Poder não é sinônimo de autoridade. Poder pode ser imposto. Autoridade, não. Ela é construída lentamente; nasce da coerência moral, do respeito à lei, da fidelidade às próprias decisões e da confiança pública. Quando o poder se distancia da autoridade, instala-se um desequilíbrio perigoso. E esse descompasso cobra seu preço: a erosão da credibilidade institucional.

O Supremo Tribunal Federal detém enorme poder. Trata-se da instância máxima do Judiciário, guardiã da Constituição e árbitra final dos conflitos institucionais. Seu peso é indiscutível. O problema não está no poder que exerce, mas na autoridade que progressivamente vem perdendo. E autoridade não se decreta: ou se conquista - ou se perde.

A crise que hoje envolve o STF não é fruto de ataques externos nem de campanhas orquestradas.
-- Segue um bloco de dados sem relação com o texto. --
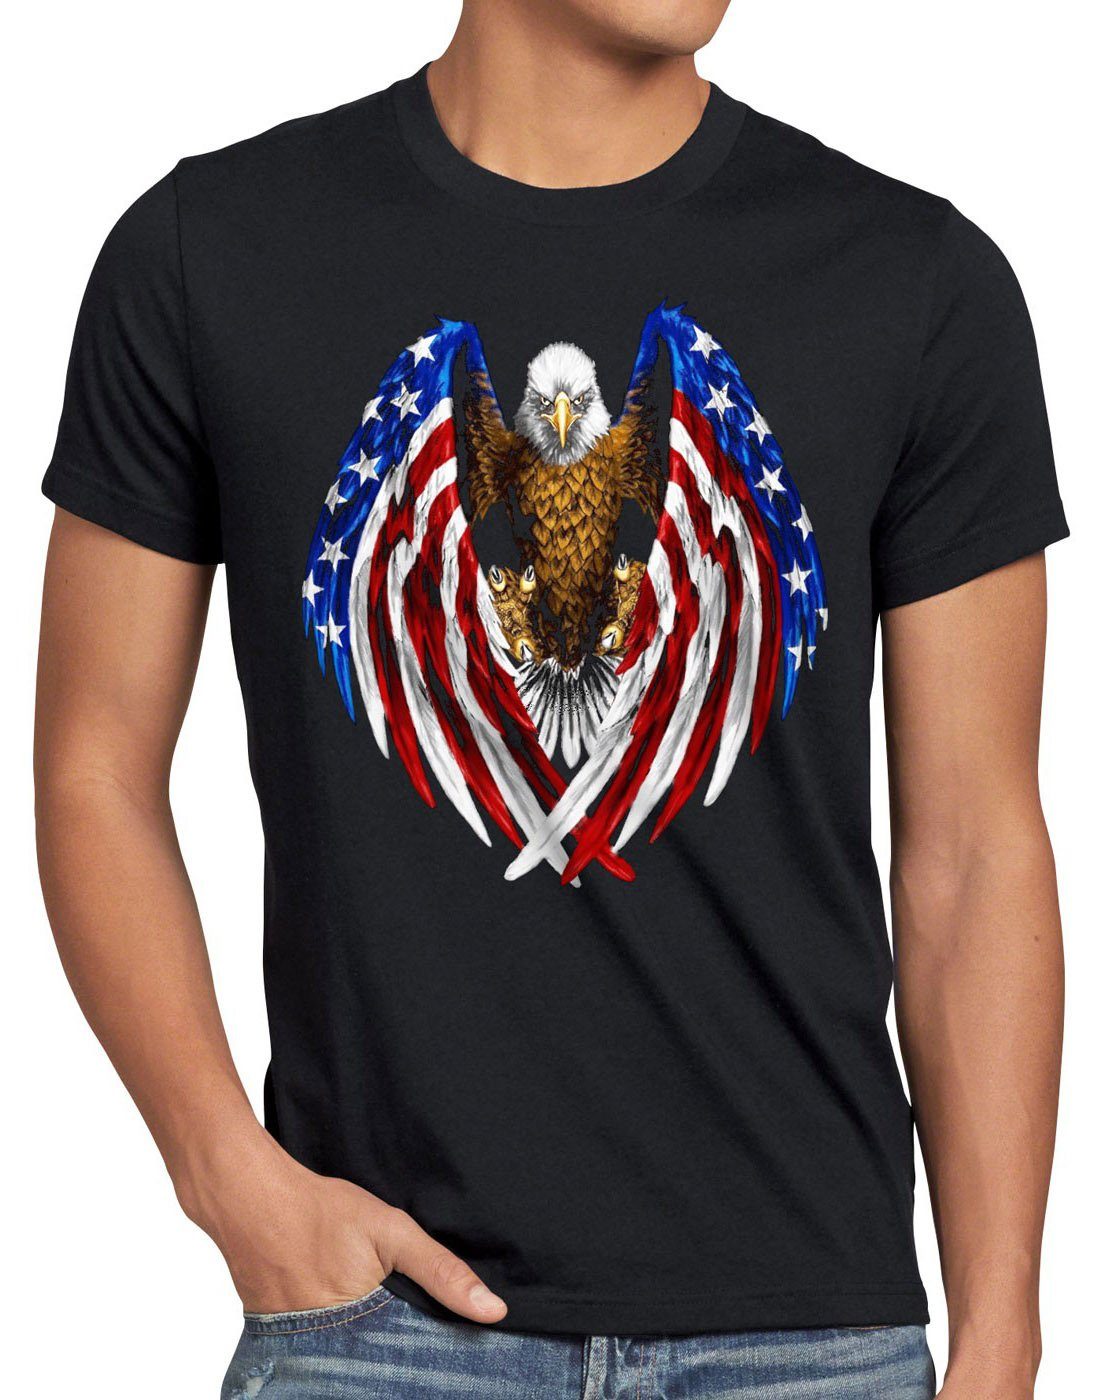 of states stars flagge schwarz america style3 stripes adler usa 4. and unites US juli Print-Shirt Herren T-Shirt

Ela nasce, sobretudo, de dentro. Decorre de decisões controversas, de excessos de protagonismo, de interpretações elásticas da Constituição e da crescente percepção de que a Corte abandonou a discrição para ocupar o centro do palco político. Quando juízes passam a agir como atores políticos, a toga perde peso simbólico.

O noticiário recente reacende esse debate sensível. A revelação de um contrato milionário firmado pelo escritório de advocacia da esposa do ministro Alexandre de Moraes com o banco Master e a posterior decisão do ministro Dias Toffoli de avocar o........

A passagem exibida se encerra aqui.